She tilted her head. “Jack decided to tell you the truth, did he? You can’t even trust a man to lie.” She sighed. “Do you feel in over your head? Do you want to quit? To give up? To run back home and forsake any hope again of holding honor?”

“I’m not sure you can give me honor-”

“I AM honor!” she shouted, very suddenly. “I am the source of the Word and all that flows forth from it! My blood is the bloodline of kings! It is within my power to grant you the honor that would make your soul whole again, you upstart corpse, and if question that, I will be happy to show you what else I can do!” Her eyes flashed dangerously, and I took a step back. She visibly calmed herself, taking a deep breath, and squared her shoulders. “Why have you contacted me?”

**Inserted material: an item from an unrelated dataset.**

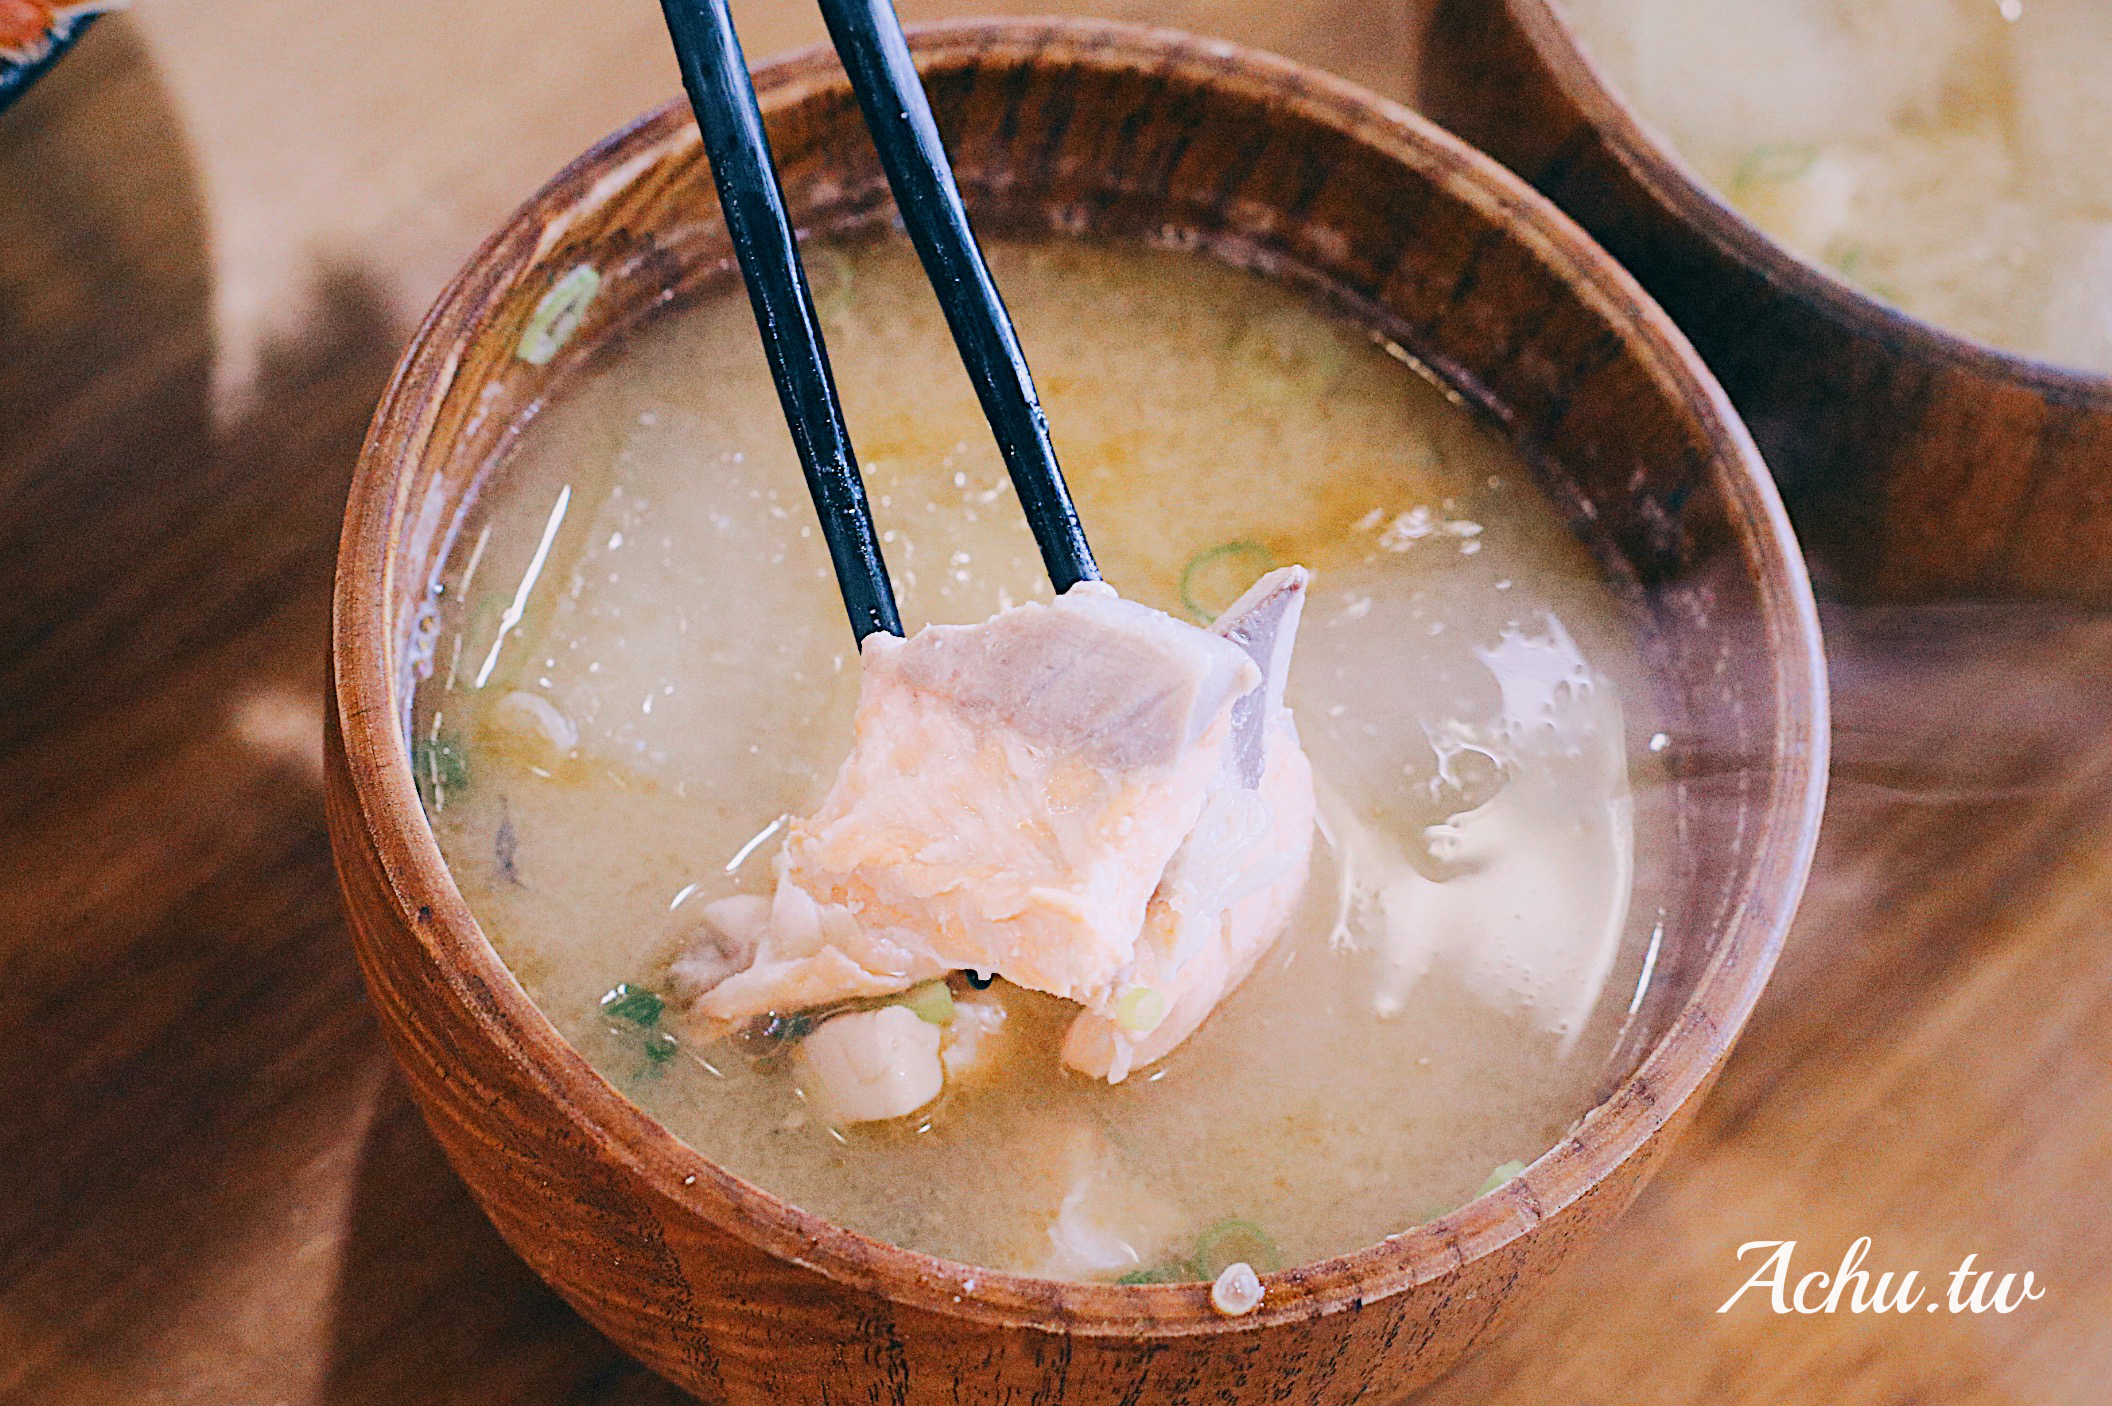 【內湖美食】美川壽司mikawa 新鮮食材 一次上癮令人驚豔的海鮮丼飯 (菜單)

“This city is in danger. Mortals are in danger. Japanese, as well as countless others. The actions of the Horsemen are threatening many lives. You need to do something.” I swallowed my pride. “Please. I-”

“The lives of mortals are forever in danger. They murder each other in the millions. The last time that I cared, I was scarred.” She trailed a hand down one perfect cheek, staring into space for a moment. “Manhattan.” She spat the word, and turned her eyes to me. “Damn the city. Damn it all. Do you have a way for me to find the ones who killed my brother? That is what matters to me in all of this. Avenging the death of my kin. Retrieving the regalia of my land. After that, this entire city, this entire country can burn for all I care.”

I shook my head, staring at her. “You know, it’s a little bit funny. I love this country. I’ve spent my entire life loving it. And I remember the day that the Japanese invaded my old homeland, and the Americans did something about it. Late, but they did. And… somehow, everything got all switched around. Now China’s the enemy, and Japan the ally. Doesn’t it make you want to laugh?”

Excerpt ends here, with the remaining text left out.